Thanks Nilay and Joel for the information.

I've been playing around with this over the past few days and I can't work out what the point of the flush is. The CacheRecorder already has a copy of all the data blocks in the trace before the flush starts. Removing the flush event and subsequent simulation produces exactly the same system.ruby.cache.gz file as with it in, so I guess it's safe to remove them....

So, with that out of the way, I can create checkpoints and exit the simulator correctly. I'm not 100% sure about restoring the checkpoint though, and it seems a little hacky. Is there a reason it has to unserialise by inserting memory requests into the event queue - couldn't it just write the data into the correct locations in the caches?

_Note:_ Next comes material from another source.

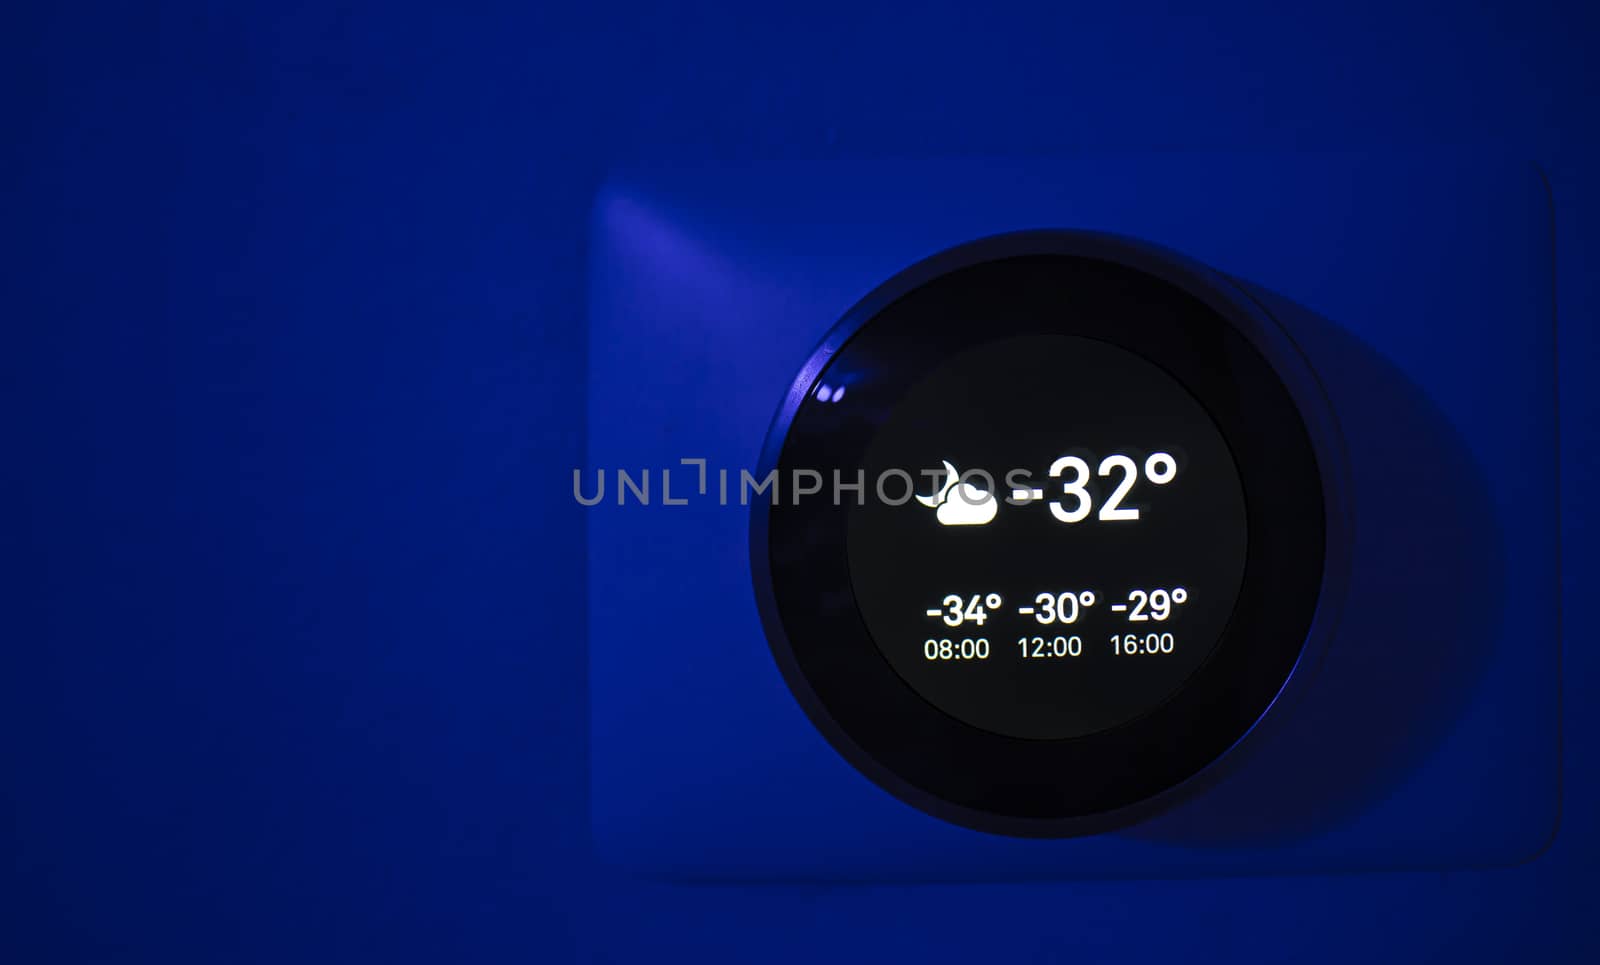 Digital Thermostat at night showing the outside temperature of -31 degrees celsius during the winter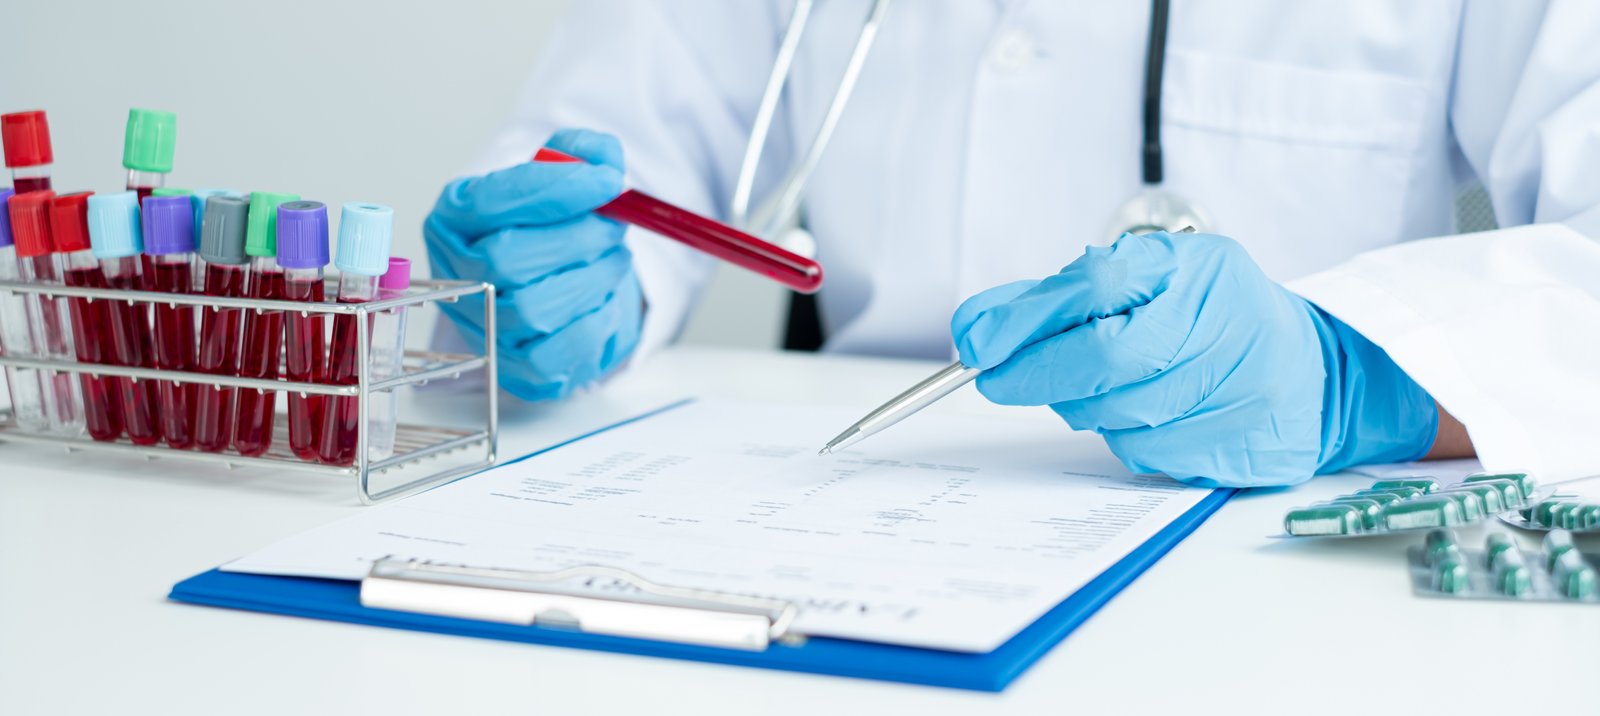 Professional doctors perform tests from samples of blood tests to diagnose virus infections analysis

There's also a question about whether ruby should be recording its state anyway. Shouldn't it be doing the same as the classic memory system caches and implementing memWriteback() to flush all dirty data out before checkpointing happens, then it doesn't need to trace anything? (Maybe I'm opening a can of worms, but I thought I'd just ask!)

Cheers
Tim


On 13/06/2015 18:03, Joel Hestness wrote:
Hey guys,
   I'm pretty sure Tim is correct that the checkpointing bugs were
introduced earlier than the changeset Nilay points to; gem5-gpu is
currently using gem5 rev 10645
<http://repo.gem5.org/gem5/rev/cd95d4d51659>, and we cannot get reliable
checkpoint and restore with it. Note that Tim's bug may not be the only
checkpointing bug that exists right now.

   To answer Tim's question: While taking a checkpoint, Ruby commandeers
the event queue to inject flushing memory accesses into the caches. This
is used to generate a trace of cache contents, which can be used to warm
up the caches on checkpoint restore. To take over control of the event
queue, Ruby clears the event at the queue head (I think this assumes
there is only 1 event in the queue? This should probably be checked),
and then adds it's own event for the cache flushing operation. After the
caches have been flushed (simulate() call in RubySystem::serialize()),
Ruby restores the head event that was in the queue and rolls back the
current tick.

   One way to check if this cooldown operation is at fault for
unreliable checkpointing is to simply comment out the event queue
commandeering, and try to take a checkpoint. You may also be able to
test checkpoint restore by commenting the cache warm-up code in
RubySystem::unserialize(). If checkpoint and restore work without the
event queue commandeering, it is likely that the event queue
manipulation is problematic.

   I'd also recommend trying to take a checkpoint and restore with
simulation specifying the gem5 flag --debug-flag=RubyCacheTrace, which
will show what the cache flushing and warm-up are doing, respectively.

   Joel



On Sat, Jun 13, 2015 at 9:48 AM, Nilay Vaish <[email protected]
<mailto:[email protected]>> wrote:

    Your bisection is not right.  You might want to take a look at the
    following changeset:


    changeset:   10756:f9c0692f73ec
    user:        Curtis Dunham <[email protected]
    <mailto:[email protected]>>
    date:        Mon Mar 23 06:57:36 2015 -0400
    summary:     sim: Reuse the same limit_event in simulate()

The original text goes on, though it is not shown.